The Boss Baby is a 2017 American computer-animated comedy film produced by DreamWorks Animation and distributed by 20th Century Fox. Loosely based on the 2010 picture book of the same name by Marla Frazee, it was directed by Tom McGrath from a screenplay by Michael McCullers, and stars the voices of Alec Baldwin as the title character, along with Steve Buscemi, Jimmy Kimmel, Lisa Kudrow, Miles Bakshi, and Tobey Maguire. The first installment in The Boss Baby franchise, the plot follows a boy helping his baby brother who is a secret agent in the war for adults' love between babies and puppies.

The Boss Baby premiered at the Miami International Film Festival on March 12, 2017, and was released in the United States on March 31.  The film received mixed reviews from critics upon release, who praised its animation and voice performances but criticized its plot and humor. It grossed $528 million worldwide against its $125 million budget. The film received Best Animated Feature nominations at the Academy Awards, Annie Awards, and Golden Globes, losing all three awards to Coco.
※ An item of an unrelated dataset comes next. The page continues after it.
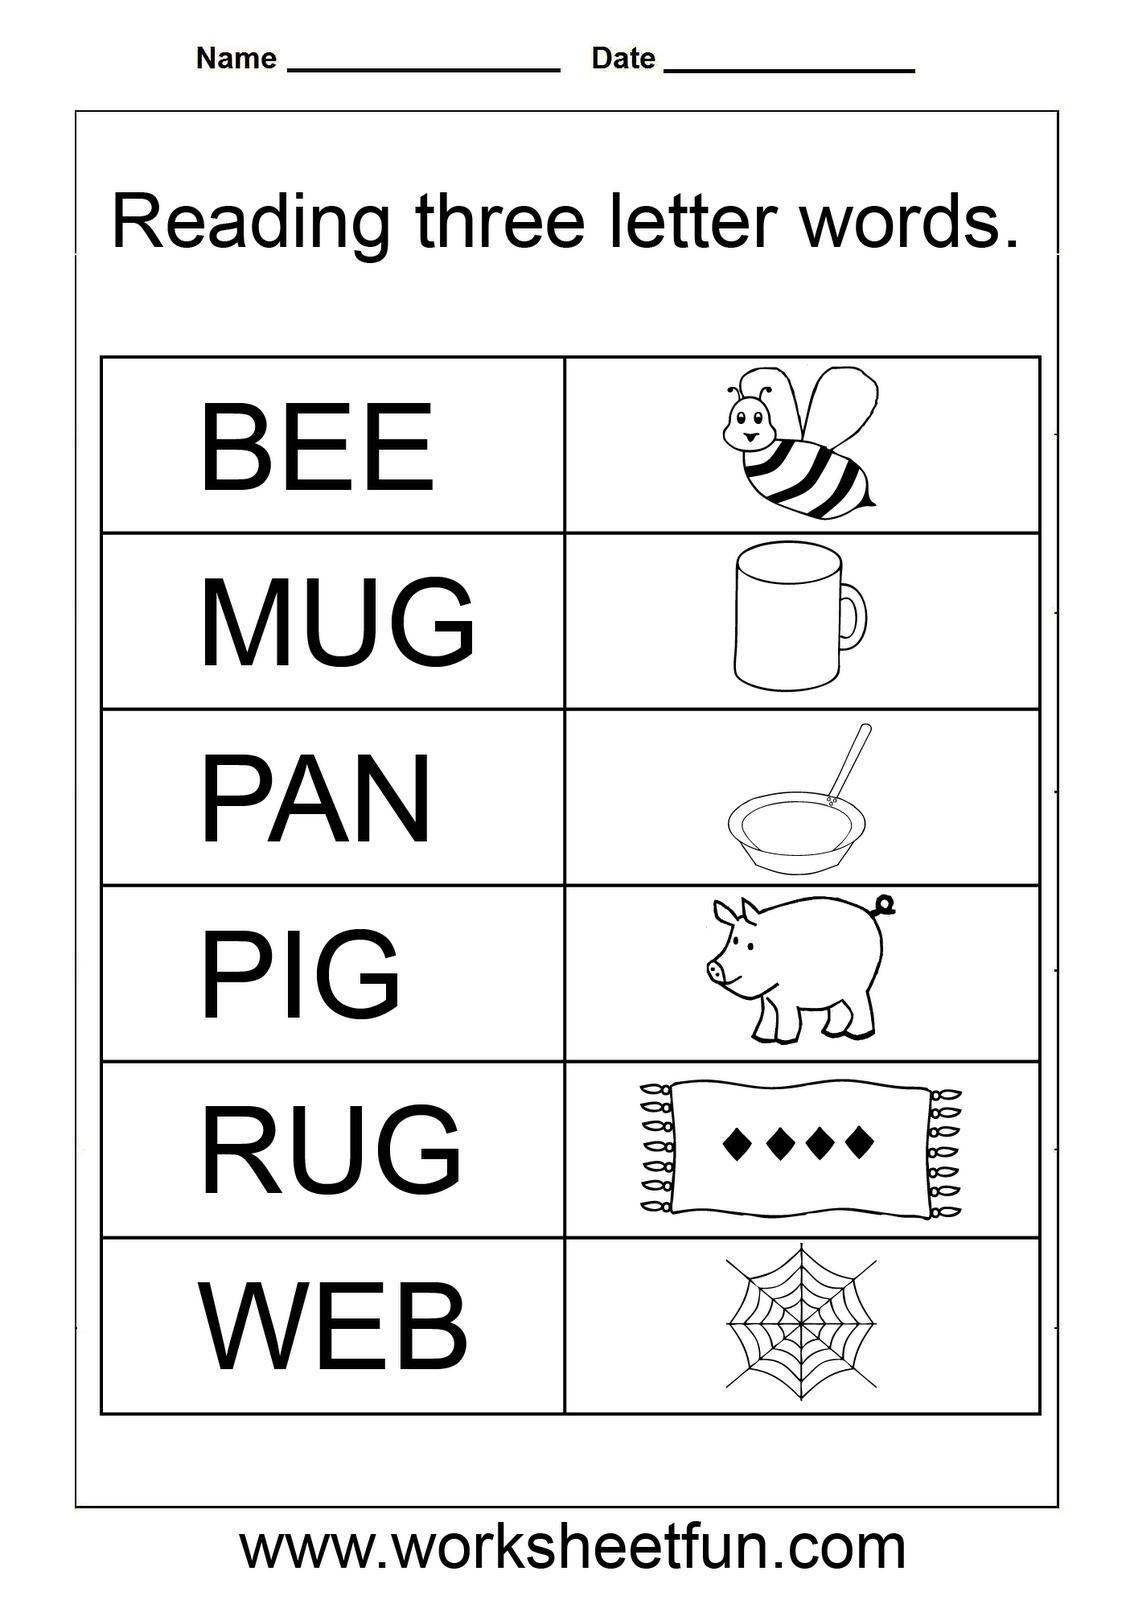 Simple Worksheets For Kindergarten – With Math Fractions Also Free | Homeschool Printable Worksheets Kindergarten

A Netflix television series, The Boss Baby: Back in Business, premiered on April 6, 2018, while a sequel film, The Boss Baby: Family Business, was released in theaters and on Peacock on July 2, 2021. Another Netflix television series, The Boss Baby: Back in the Crib, premiered on May 19, 2022.

Plot
Tim Templeton, an imaginative 7-year-old boy, relishes his parents' attention and is horrified when a new baby brother arrives. Boss Baby, whom he first saw arriving in a taxi, clad in suit and tie, and carrying a briefcase, behaves normally around the adults, crying for attention, food and diapers all day and night. However, Tim, quickly growing jealous, sees Baby behaving and talking like an adult whenever his parents are not looking.

One day, Baby holds a staff meeting with other toddlers and infants, under the guise of a neighborhood play date. Tim attempts to record them on a cassette tape, but he is spotted and chased by Baby and his cronies. The parents see this as the children playing in the yard. When Baby destroys Tim's stuffed lamb, the latter attempts to slingshot him out a window, but his parents stop him and he accidentally slingshots the tape into the street, on which a car smashes it. Tim is grounded until he learns to get along with Baby.

Later, Baby makes Tim suck a special pacifier that allows them to see Baby Corp, where babies come from. Most babies go to families, but those unresponsive to tickling are sent to management, where they are given a special baby formula that allows them to think and behave as adults while remaining young forever. Baby also explains he's on a special mission to discover why the world's love of babies is being threatened lately by love of puppies, and came to the Templetons as Tim's parents work for Puppy Co. Once his mission is done, he will leave. However, the boys overhear Baby's boss threatening to fire him if he fail. As that would mean Baby would have to stay with the Templetons and grow up, Tim and Baby agree to work together to prevent this from happening.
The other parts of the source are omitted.